Я думаю, это последнее его доконало. Он объявил, что человечество вырождается, привел в пример древнюю Спарту и викингов. Что было дальше, я мог только догадываться — экран выключили.
Потом мне рассказывали, что выступил Хант и неожиданно поддержал Дерри. Он хотел послать эскадру — не из шести, конечно, а из двух кораблей. Это не прошло, большинство Совета в чудеса не верило. Думали, что нарушена связь, хотя радиосистема, конечно, дублировалась. Несмотря на зубовный скрежет физиков, Хант выдрал один корабль (он им был для чего-то нужен) и послал к Лесной. Корабль назывался «Компромисс» и вел себя соответственно. Это, однако, ничего не изменило. Связь с ним прекратилась, едва он сообщил о посадке. Третья экспедиция — два корабля — ушла в прошлом году. Те самые ВК: ВК-7 и 8 с роботами. Месяца через четыре они выйдут на связь.
— А ваше мнение, Шек?
— В школе я был убежден, что Дерри прав. Сейчас я понимаю, что никакого вырождения нет. Но я хотел бы, чтобы меньше людей занимались стихами и картинами, а больше техникой. Сейчас в инженеры палкой не загонишь. И потом, мы почти не строим корабли дальнего космоса. Это мне тоже не нравится.
— А история с «Берегом»?
— Странно, но скоро все выяснится.
— Вы уверены?
Шек снисходительно улыбнулся:
— Роботы не ошибаются.
Темнело. Шек включил фары дальнего света. На поворотах машину качало, тогда казалось, что это танцуют, тяжело переваливаясь, мохнатые ели.
— Далеко до города?
— Час с минутами. Сейчас мы выберемся на шоссе, слезем с воздушных ходуль на старую добрую резину. Тогда будет скорость…

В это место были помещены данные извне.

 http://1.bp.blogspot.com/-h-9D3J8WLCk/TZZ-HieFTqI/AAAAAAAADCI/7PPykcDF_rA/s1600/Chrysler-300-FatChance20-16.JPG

Через час, уже в городе, Шек спросил:
— Вы не передумали? Я бы мог пойти с вами.
— Спасибо, не нужно. Хочу побродить по улицам. Здесь я когда-то жил. Боитесь, что потеряюсь?
— Не потеряетесь, но будет трудно. Все-таки многое изменилось.

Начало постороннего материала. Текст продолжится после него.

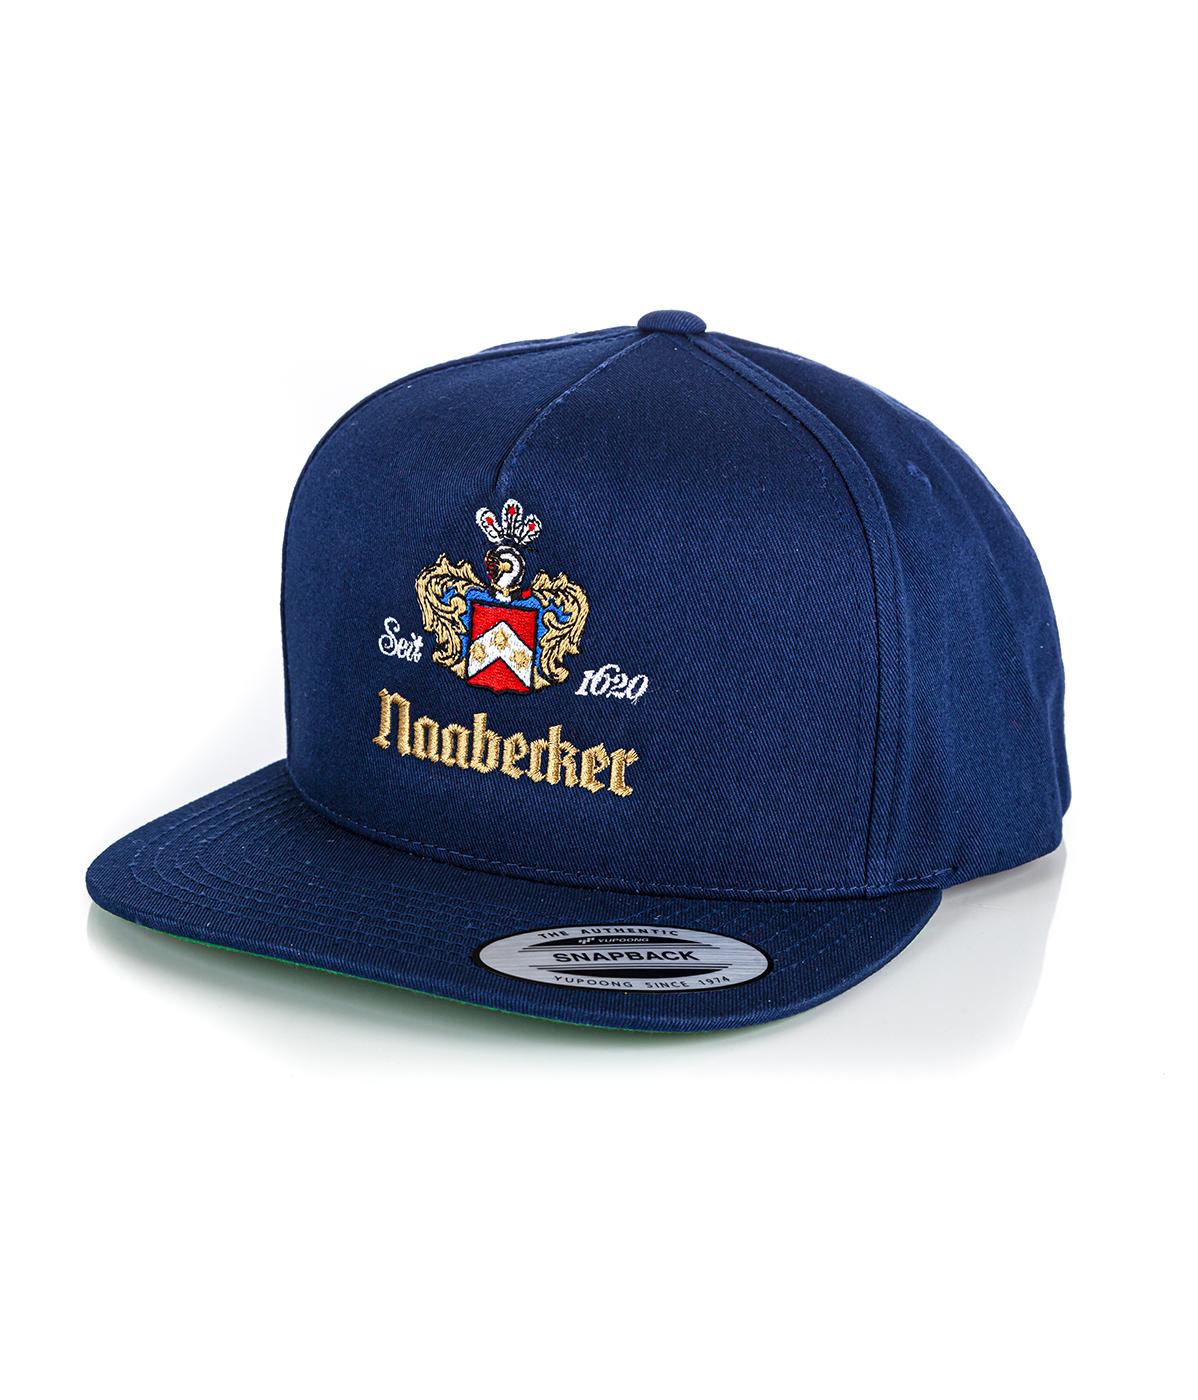 Naabecker Snapback Cap

— А может быть, Шек, я хочу, чтобы было трудно. Остановите, пожалуйста. Превосходная поездка.
— Вы не обиделись… ну, из-за Бута Дерри?
— При чем тут вы! Виновата теория вероятности. Из одиннадцати поворотов машина случайно угадала все одиннадцать. И после этого ее называют теорией… Спасибо, Шек.
* * *
Когда-то он знал здесь каждую улицу. Город вытянулся вверх, но стал как будто просторнее. В его время яростно спорили: улицы-коридоры или высотные дома-одиночки (воздух, свет, кругозор). Улицы сохранились, хотя и сильно размытые полянами-площадями. Они в самом деле были похожи на поляны. Небрежно, почти случайно раскиданные по городу, они прятались за крутым поворотом, неожиданно возникали среди ровного течения улицы. Здесь не было ни асфальта, ни аккуратных дорожек желтого песка — просто земля, просто деревья вокруг и запущенные тропинки, которые куда-то ведут.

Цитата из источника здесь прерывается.